El jardín digital epicúreo. Una defensa de las relaciones digitales

A veces recuerdo aquella juventud pasada, perdida, y mi escasa socialización. Yo era un poco lo que se suele llamar un “ratón de biblioteca”, pero nada estudioso. A pesar de jugar al fútbol, no fui nunca de esos super deportistas con cierta popularidad dentro del instituto. Yo era un niño del montón. Pero apartado de él.

Recuerdo además que siempre renegué de las formas de comunicación y socialización digitales. Yo me comunicaba por correo electrónico a lo sumo, sms (y poco) o con algunos amigos “digitales” a través de la mensajería de un juego online (los tiempos del Ogame J). Pero al final te convencen y te descargas el desaparecido Windows Messenger, y ahí, entonces, poco a poco se van produciendo conversaciones y desarrollando amistades que, desde entonces, alguna aún dura.

Después llegó la era Tuenti, y también renegué. Pero se produjo entonces mi salida al mundo exterior, y comencé a entablar relaciones reales. Mi mundo se expandía y, al final, fruto de la presión social, te haces cuenta en Tuenti, agregas un montón de amigos y conocidos, subes y te etiquetan en fotos horribles. Tuenti se convirtió en la memoria digital de nuestra juventud. Un espacio al que acudir para rememorar fiestas y momentos pasados, lo mucho que estábamos cambiando, o el día aquel en que el chico callado y parado (el más raro del grupo) ligó por primera vez con aquella rubia.

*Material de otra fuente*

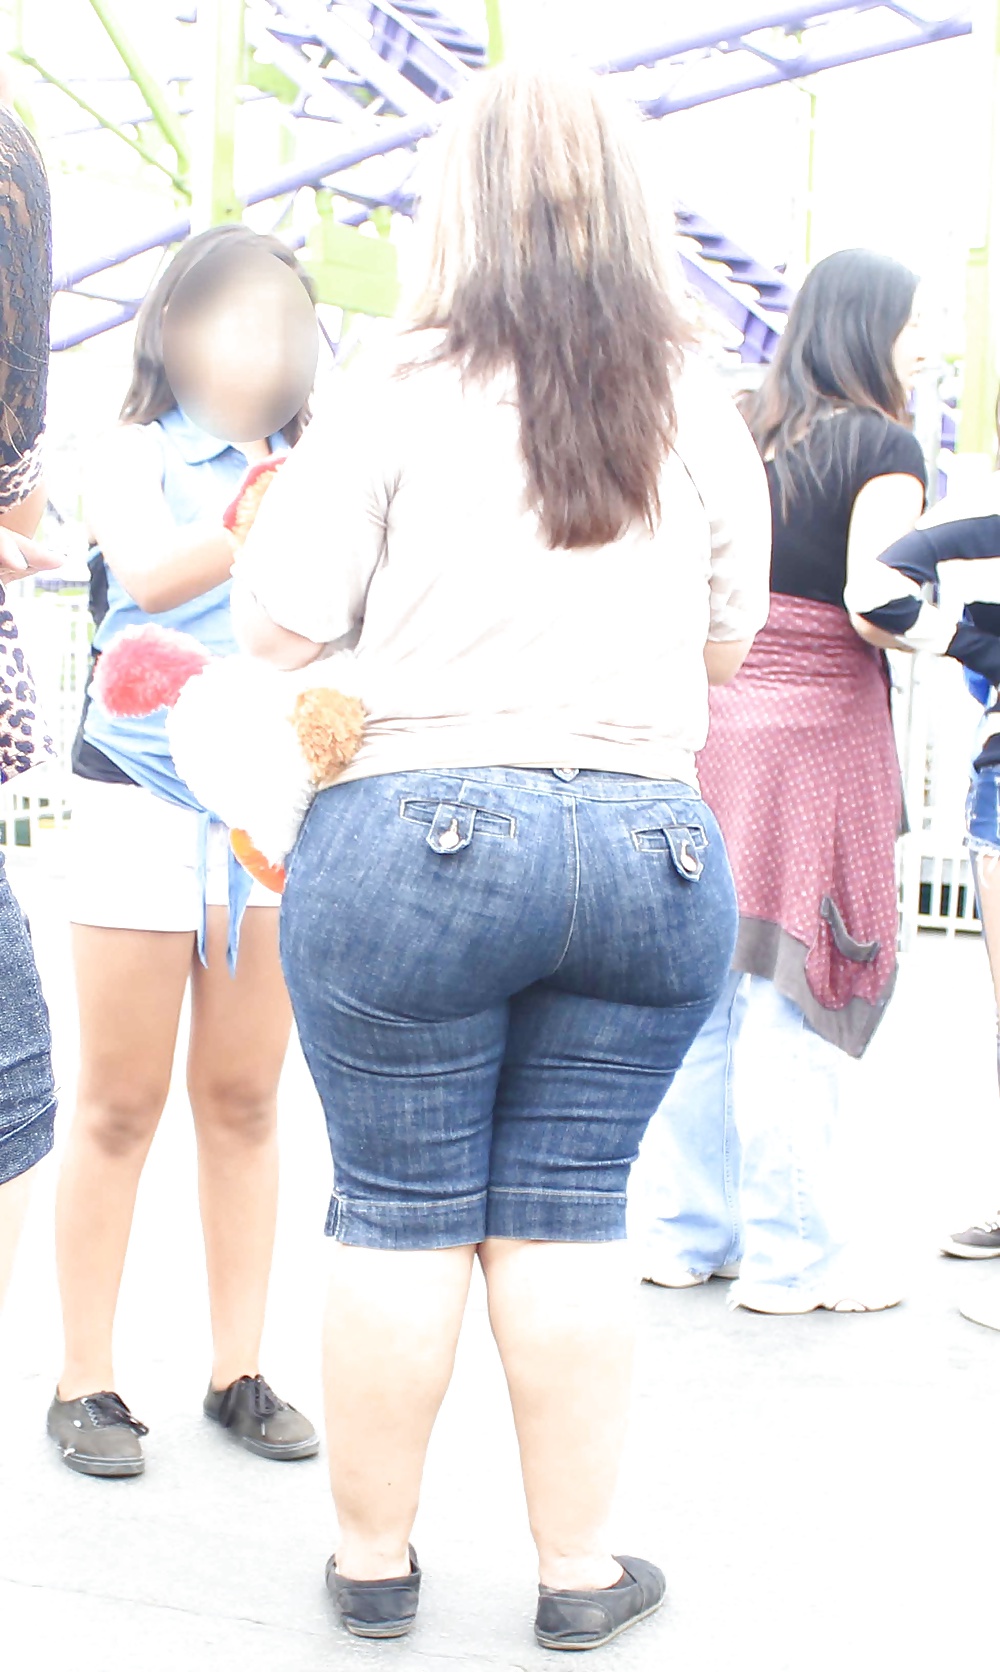 Candid Huge Latina Mom Ass in Jeans

Cuando fue el bum! de Facebook, renegué, sí, pero mi resistencia fue ya menor. No era Tuenti, los amigos tampoco posteaban ni colgaban fotos. Pero Facebook terminó siendo una nueva casa en la que acabamos instalándonos, ya “mayores y viejos”, cuando nos convertimos en sosos.

De WhatsApp ni hablo. Le tenía pánico a esta aplicación de mensajería. Lo que fueron para mí las anteriores plataformas sociales fue un modo de conectar con mis amistades en momentos en los que nos necesitábamos y no podíamos quedar en ese momento para hablar las cosas. Fue la memoria de nuestras fiestas de juventud, de amigos que se fueron, el comienzo de grandes amistades. WhatsApp era la aplicación del presente perpetuo. El móvil siempre sonaba con un nuevo mensaje, los amigos siempre estaban sedientos por nuevas conversaciones líquidas que no decían nada. Eran los primeros años de vida de una nueva forma de comunicarse, y aún debíamos aprender.

Aún, si puedo, reniego de mantener conversaciones por WhatsApp. Porque no me gusta la sensación que me produce dejar de responder a alguien al momento. Así que, si no es necesario, utilizo otros medios en los cuales mis amigos no están permanentemente conectados, alerta, para desarrollar conversaciones que pueden alargarse días. También, como en Facebook Messenger, me permite mantener conversaciones con personas que no son de mi entorno directo (de mi ciudad) y que he conocido a través de otros medios digitales donde han conseguido una cierta presencia y que han terminado convirtiéndose en buenas amistades.

A veces pienso que he sido siempre muy crítico con estas formas de relacionarse, pero después me fijo y siempre las he acabado adoptando. Y me alegro. Gracias a ello he conseguido desarrollar amistades que de ningún otro modo hubiera podido haber imaginado tener. He conseguido realizar mi pequeño jardín digital epicúreo.